それなのに、酷い怪我を負ってしまった人々の治療に迅速にあたり、マスコミから彼らを守った医療従事者に尊敬の念を抱いてしまいました。
今の僕は、看護師として病院で働いています。男がナースなんか、と言われたこともありますが、看護師の仕事も医療の仕事も誇りに思って日々業務にあたっています。
僕は兄さんに責められてもおかしくない人間です。
僕は毎年、この日に黙祷しています。
兄さんがお星様になった18時56分から、僕が生まれた19時1分までの5分間。
1年で1番長い5分間です。
仕事中の5分間もプライベートの5分間も短く感じるのに、あの日あのタイミングの5分間は、とても長く感じられます。つらいです。でも、兄さんは違う意味でもっとつらかったでしょう。
僕は酷いな人間です。
いつも勝手に、「あと5分早かったら」と悔やんでいます。あの5分間を空白の5分間みたいにつらく感じています。
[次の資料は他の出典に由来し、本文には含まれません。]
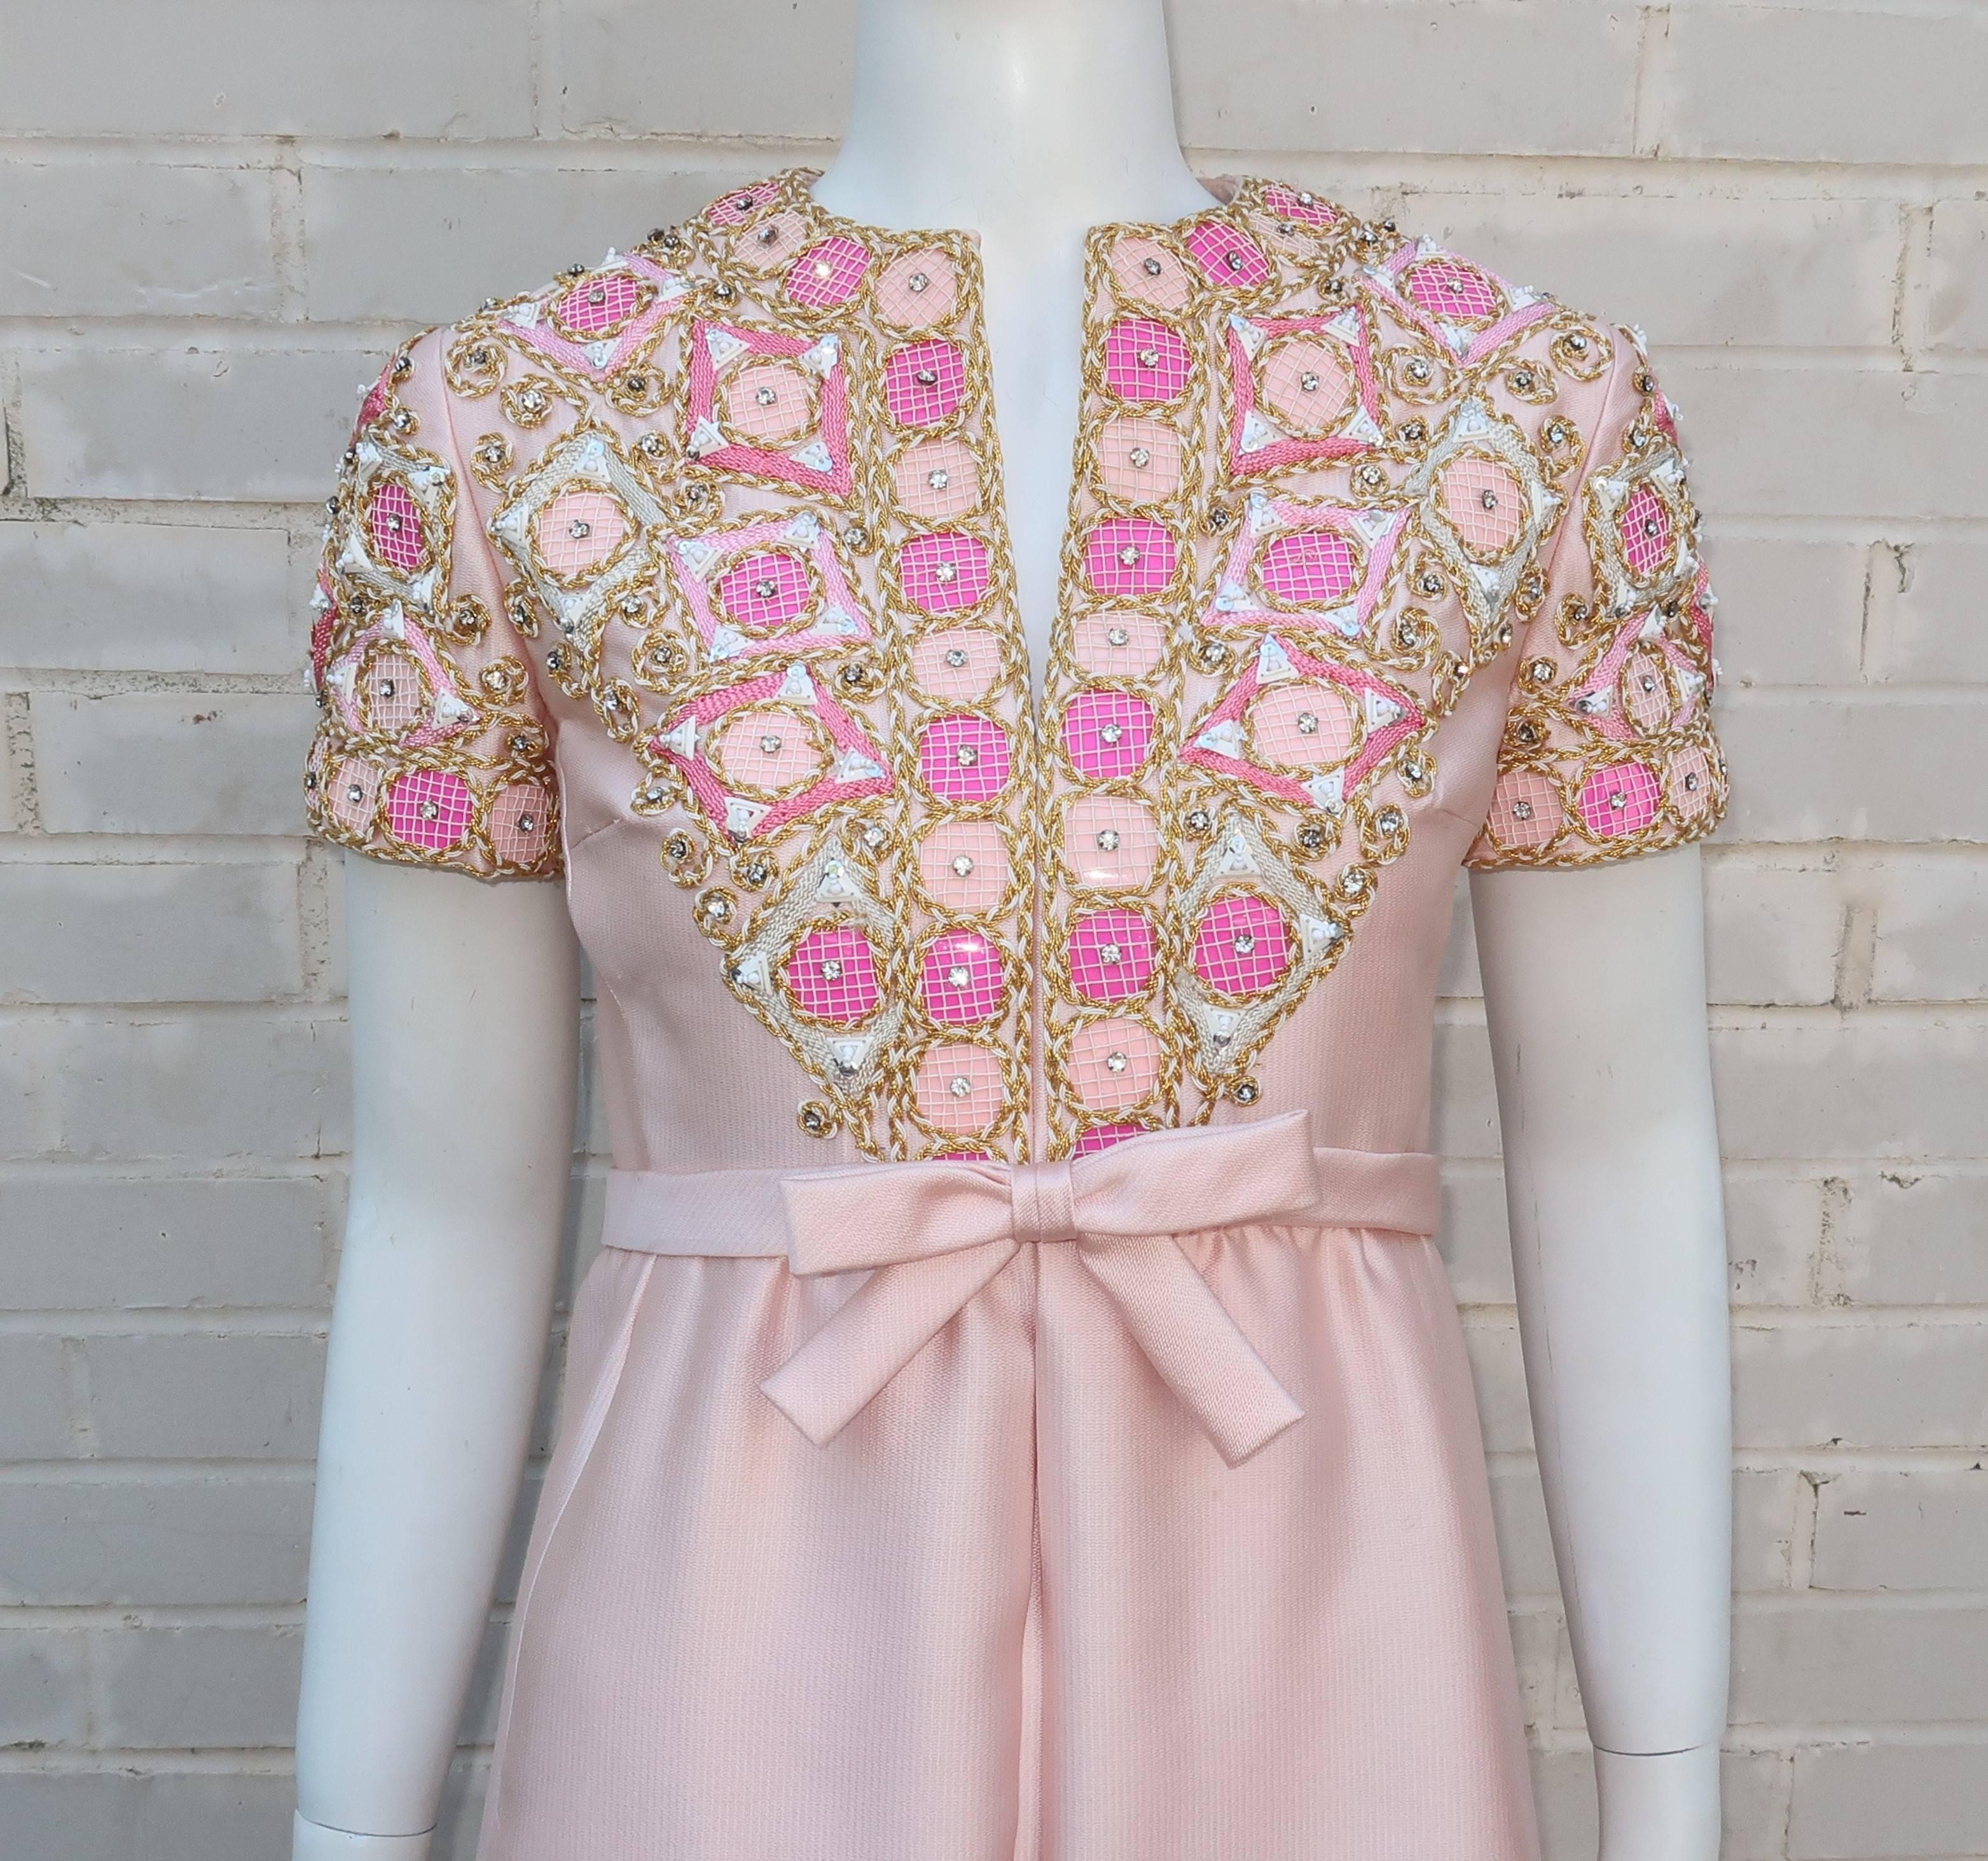 Pretty in pink!  And how!  This fabulous 1960’s Elinor Simmons design for Malcolm Starr incorporates both a girlish innocence with a mod aesthetic so wonderfully typical of the era.  The dress is designed with a modified empire waist in a heavy silk

本当はお上品に「僕」なんて言わず、一人称は「俺」です。
下町生まれ下町育ちのべらんめえな江戸っ子です。
今日仕事が終わったら、彼女と一緒に婚姻届を提出に行く予定です。
彼女は同僚の看護師で、星の輝く夜も一緒に歩いてくれる優しい女性です。
ごめんなさい。僕は今、兄さんを差し置いて、幸せになろうとしています。
もしも兄さんが許してくれるのなら、兄さんにお願いがあります。
どうか夜空から、僕達のささやかな幸せを祈ってもらえませんか?
僕は酷い人間です。
兄さんの分まで幸せになります。
これからも心のどこかで「あと5分」と悔やみ続けながら。1年に1度、18時56分から19時1分まで黙祷を捧げながら。